BACKGROUND: Primary central nervous system lymphoma (PCNSL) is a rare and aggressive lymphoma that affects the CNS in the absence of other systemic involvement. High-dose methotrexate (HD-MTX)–based regimens are recommended as frontline treatment, followed by consolidation with high-dose chemotherapy regimens, whole brain radiation therapy (WBRT) with or without temozolomide (TMZ), or autologous stem-cell transplant (autoSCT). Despite treatment advancements with the introduction of HD-MTX and rituximab, up to half of patients will have disease relapse, 10% to 15% may have primary refractory disease, and the median survival is approximately 2 months without additional intervention.
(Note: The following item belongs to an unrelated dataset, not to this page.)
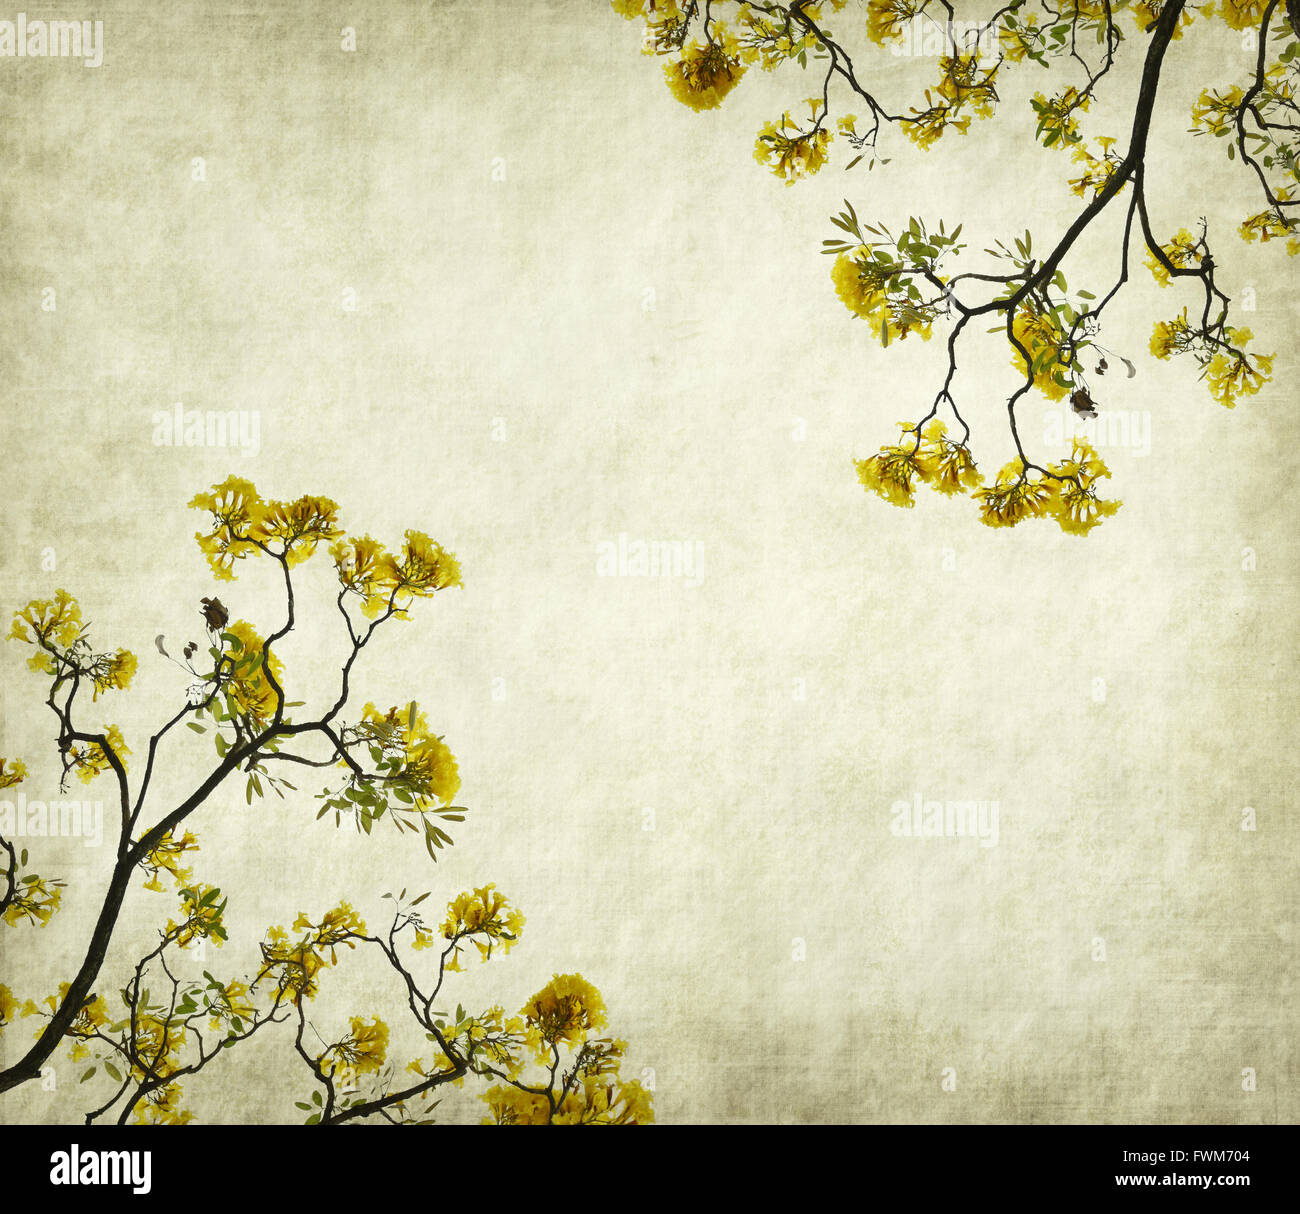 Tabebuia chrysotricha yellow flowers blossom in spring on old paper background Stock Photo

Treatment for relapsed or refractory disease can widely vary because preferred regimens in this setting are not well-established.
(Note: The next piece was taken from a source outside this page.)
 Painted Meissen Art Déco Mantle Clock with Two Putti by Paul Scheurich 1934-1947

OBJECTIVE: The primary objective was to characterize the therapies used in relapsed or refractory PCNSL. The secondary objective was to characterize the consolidation methods used after frontline treatment.

Dosing, Safety, and Pharmacokinetics of Combination Therapy With Darolutamide, Androgen-Deprivation Therapy, and Docetaxel for Metastatic Hormone-Sensitive Prostate Cancer in the ARASENS Study

Presenting Author: Ji Sun, PharmD, PhD, BCNSP, BCOP, University of California San Diego, La Jolla, CA

Co-Authors: Matthew R. Smith, MD, PhD, Massachusetts General Hospital Cancer Center, Boston, MA; Bertrand Tombal, MD, PhD, Division of Urology, IREC, Cliniques Universitaires Saint Luc, UCLouvain, Brussels, Belgium; Maha Hussain, MD, Northwestern University, Feinberg School of Medicine, Chicago, IL; Fred Saad, MD, University of Montreal Hospital Center, Montreal, Quebec, Canada; Karim Fizazi, MD, PhD, Institut Gustave Roussy, University of Paris-Saclay, Villejuif, France; Cora N. Sternberg, MD, Englander Institute for Precision Medicine, Weill Cornell Department of Medicine, Meyer Cancer Center, New York-Presbyterian Hospital, New York, NY; E. David Crawford, MD, UC San Diego School of Medicine, San Diego, CA; Natasha Littleton, Bayer Ltd., Dublin, Ireland; Yuan Wang, Weijiang Zhang, and Rui Li, Bayer HealthCare Pharmaceuticals, Whippany, NJ; Arash Rezazadeh Kalebasty, MD, University of California, Irvine, Orange, CA

BACKGROUND: In the ARASENS study (NCT02799602), darolutamide (DARO) plus androgen-deprivation therapy (ADT) and docetaxel (DOC) significantly reduced the risk for death by 32.5% (hazard ratio, 0.68; 95% confidence interval, 0.57-0.80; P<.001) versus placebo (PBO) plus ADT and DOC in patients with metastatic hormone-sensitive prostate cancer (mHSPC). The incidences of treatment-emergent adverse events (TEAEs) were similar between the treatment groups.

OBJECTIVE: To report the dosing, safety, and pharmacokinetics (PK) of the coadministration of DARO plus ADT and DOC.